Multi-Source Data Collection Services on Cloud Run
A media-monitoring / data-orchestration platform
Overview
Cloud-native data-collection services that pull content from many upstream providers into the platform. Each source runs as a configurable service on Google Cloud Run with managed PostgreSQL and Redis, dynamic service configuration, automated CI/CD, and Terraform-managed infrastructure.
The Challenge
A media-monitoring platform must integrate a wide range of heterogeneous data providers, each with its own API, schema, and rate limits, and run them reliably and independently at scale, while keeping infrastructure reproducible.
What We Built
A TypeScript codebase organized around a handler-per-source pattern: Google, LexisNexis, LinkedIn, Newscatcher, Podchaser, Truth Social, and X/Twitter each have a dedicated handler, model, and (where needed) service, registered through a handler registry. Dependency injection via tsyringe wires the services together; Sequelize models map source-specific articles plus connectors and subscriptions; ioredis backs caching/coordination and Pub/Sub handles messaging. A rate-limiter service with a circuit-breaker decorator protects upstream calls. Per-source Dockerfiles, a Makefile, deploy scripts, and substantial Terraform (including PubSub modules) drive Cloud Run deployments, with Jest test suites per provider.
Technologies & Approach
TypeScript + Express on Cloud Run, Sequelize over PostgreSQL, ioredis, and Google Cloud Pub/Sub. tsyringe provides clean DI; a circuit-breaker-wrapped rate limiter adds resilience.
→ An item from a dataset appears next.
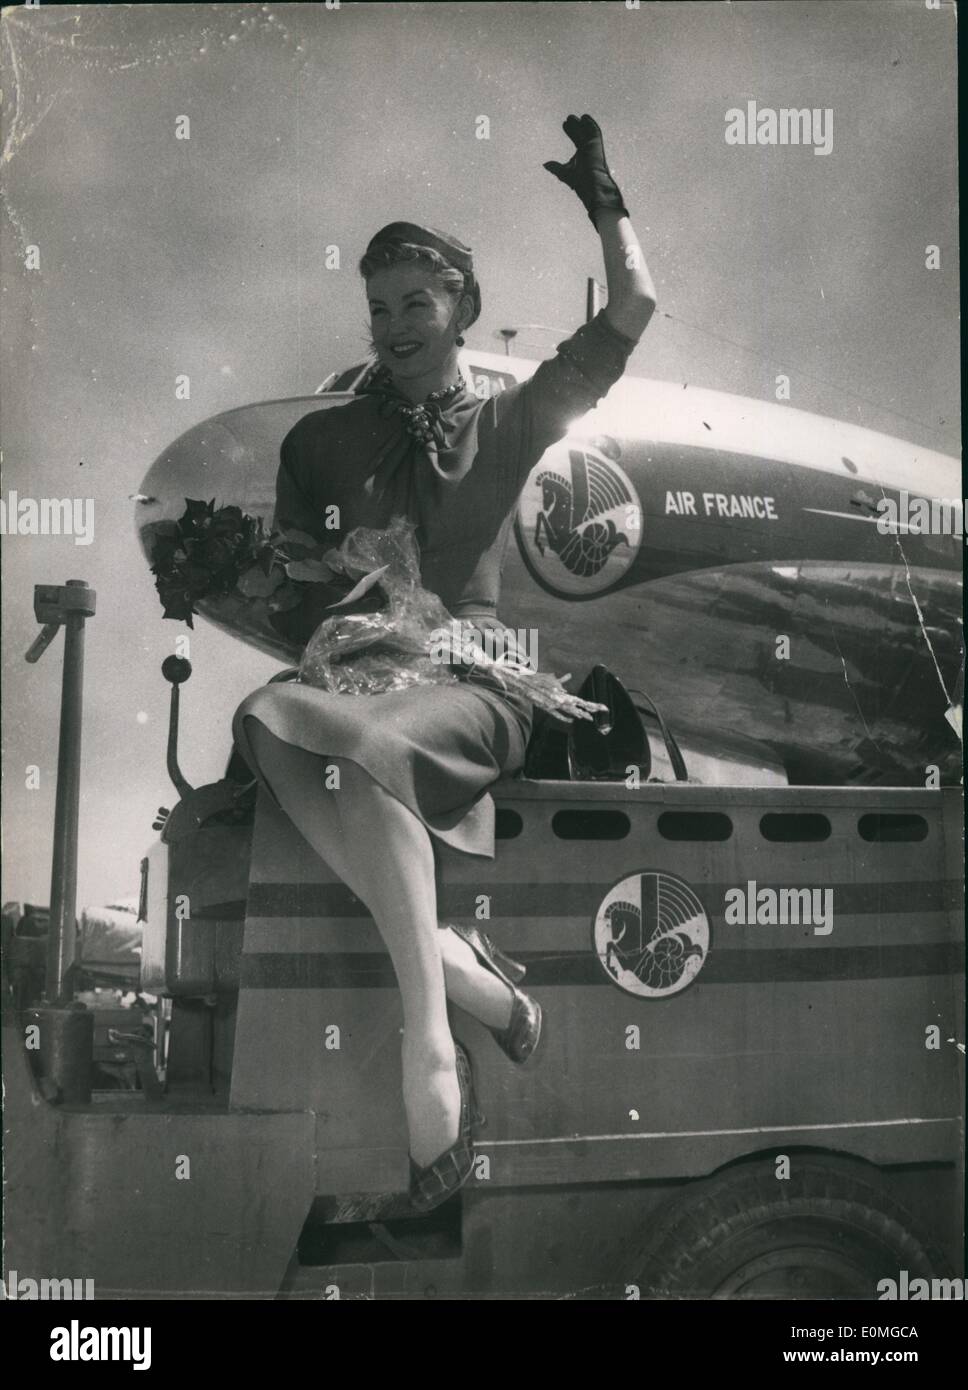 Apr. 04, 1955 - En Route al festival di Cannes ; famoso schermo americano star Esther Williams su arrivo all aeroporto di Orly aeroporto En Route al Festival di Cannes. Foto Stock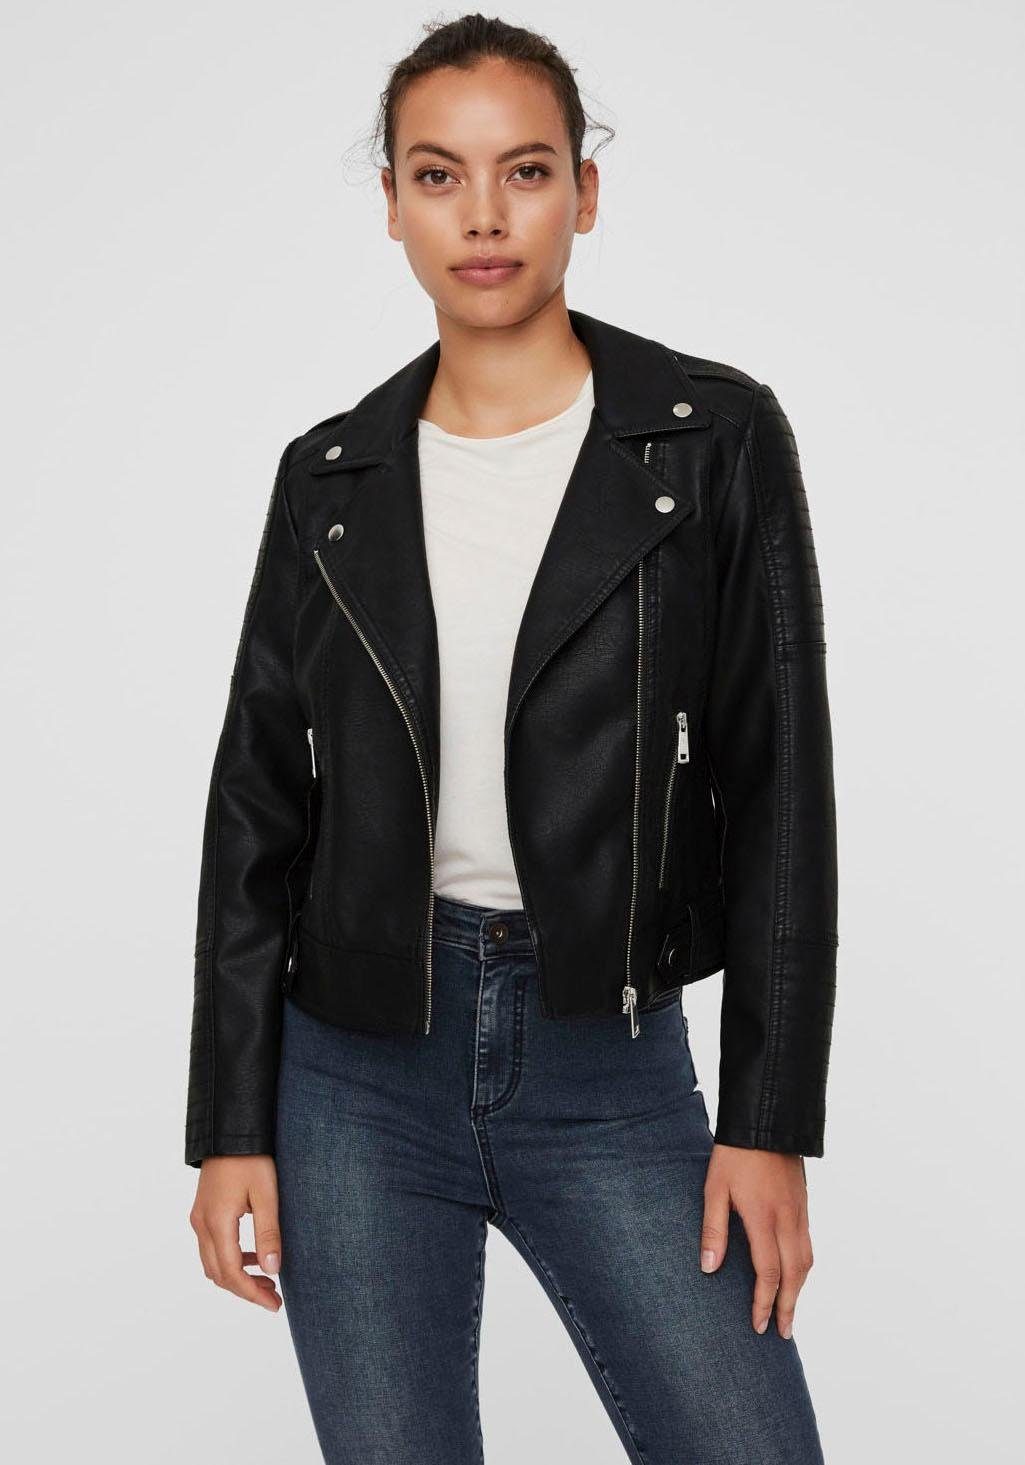 Vero Moda Jacken online kaufen | OTTO

Terraform and shell deploy scripts make the whole environment reproducible and CI/CD-driven.
Outcome / Impact
Provides the breadth of source coverage feeding the platform’s ingestion pipeline, with an extensible handler model that makes adding new providers a contained, testable change.
Capabilities Demonstrated
- Multi-provider ingestion behind a uniform handler/registry pattern
- Dependency-injected, testable TypeScript service architecture
- Resilience via rate limiting and circuit breakers
- Cloud Run + Pub/Sub + Terraform infrastructure-as-code